Still, the ballooning deficit — projected to hit at least $3.7 trillion this year — and a rising mound of debt not seen since World War II is bound to color tax and spending policy now and for years to come.
And despite Trump’s talk of more tax cuts, Wall Street is bracing for tax hikes.
Blackrock Inc. Chief Executive Officer Larry Fink warned clients on a call last week that the U.S. will have to raise taxes on corporations and individuals to pay for the emergency economic rescue, according to a person with knowledge of the remarks. He predicted the corporate rate would rise next year to 28% or 29% from the 21% rate set in the 2017 Republican tax overhaul.

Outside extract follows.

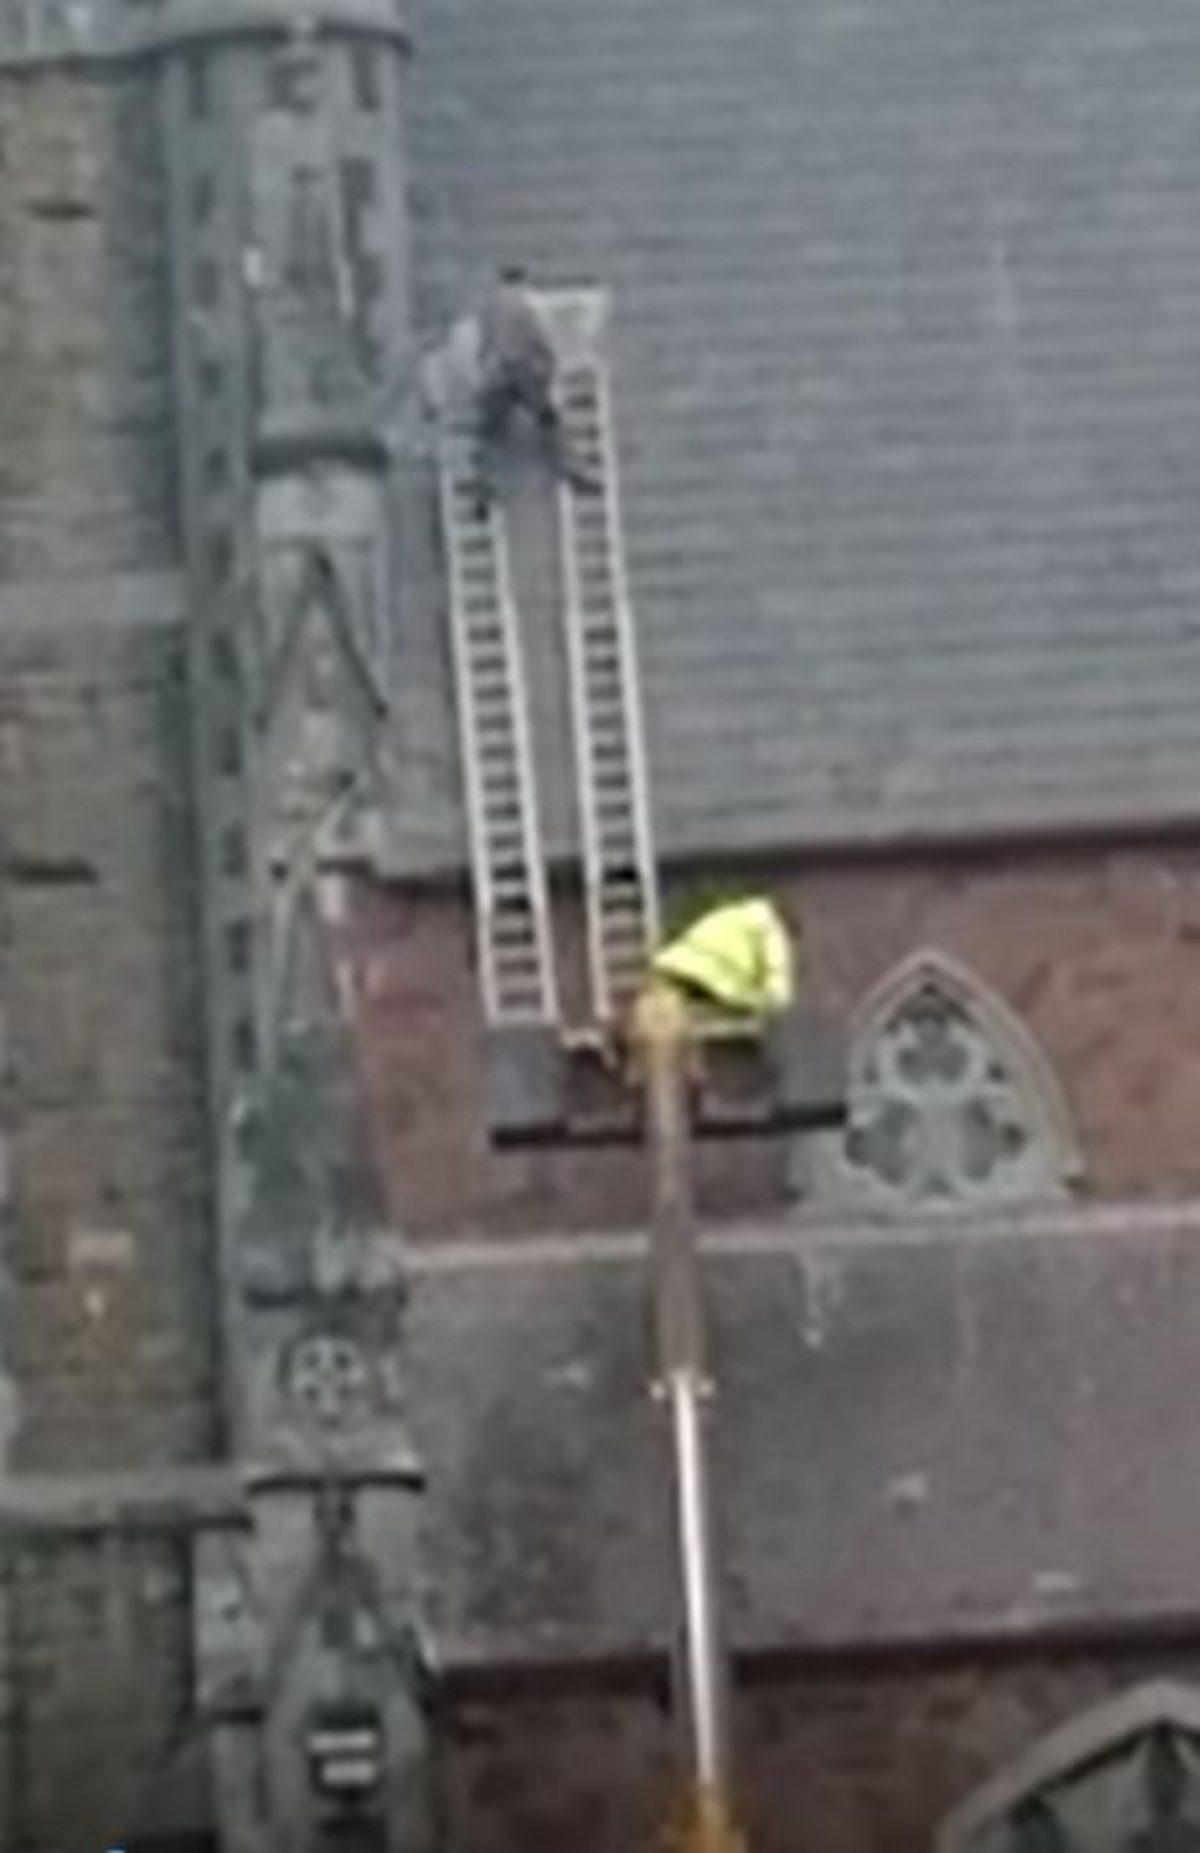 The workman stands between two ladders

Ray Dalio, founder of the investment management firm Bridgewater Associates LP, told JPMorgan Chase & Co.’s private-banking clients to expect higher tax rates no matter who wins November’s race for the White House.
Earlier tax cuts and the business bailouts amid the current crisis also have dimmed any hopes of a fundamental restructuring of the federal budget, according to conservative economist Brian Riedl, a fellow at the Manhattan Institute and former adviser to several senior Republicans, including Senators Rob Portman, Mitt Romney and Marco Rubio.
“There’s no way they are going to fix Social Security and Medicare any time soon,” said Riedl, who projects an $8 trillion budget hit over a decade from the virus. “You can’t cut taxes for Exxon and then turn around and cut Medicare. It just doesn’t work.”
The Republican Study Committee, a group of House conservatives, is lobbying for the next package to offset any new borrowing with longer-term savings. Although McConnell has cited the soaring deficit in multiple interviews in the past two weeks as a reason he decided to hit the “pause button,” the GOP hasn’t coalesced around any specific plan for future spending or cuts.
Democrats, meanwhile, have moved to the left since the Obama years and have assorted plans to tackle climate change, expand health care coverage and the like if they win back the White House and the Senate.
And they have little interest in cutting spending Medicare, Medicaid and Social Security — programs McConnell has previously said need to be reined in. That’s especially the case after the Republican tax bill in 2017 helped swell the deficit, even before the virus hit.
“They moved the goalposts in the wrong direction when they passed that tax cut that went disproportionately to big corporations,” said Senator Chris Van Hollen of Maryland, a veteran of bipartisan talks on deficit reduction. “That’s set back any serious effort for the foreseeable future.”
Zach Moller, an economist at Democratic-aligned group Third Way think tank, which has proposed a sweeping proposal to save states’ budgets, said he fears a premature emergence of deficit concerns could hamper the recovery from the Covid-19 pandemic.
“We saw what could happen the last time,” Moller said. “From 2009 to 2013, state governments cut hundreds of billions of dollars in spending. Recovering from the Great Recession was made a lot longer because of the relatively limited state and local aid we were able to provide.”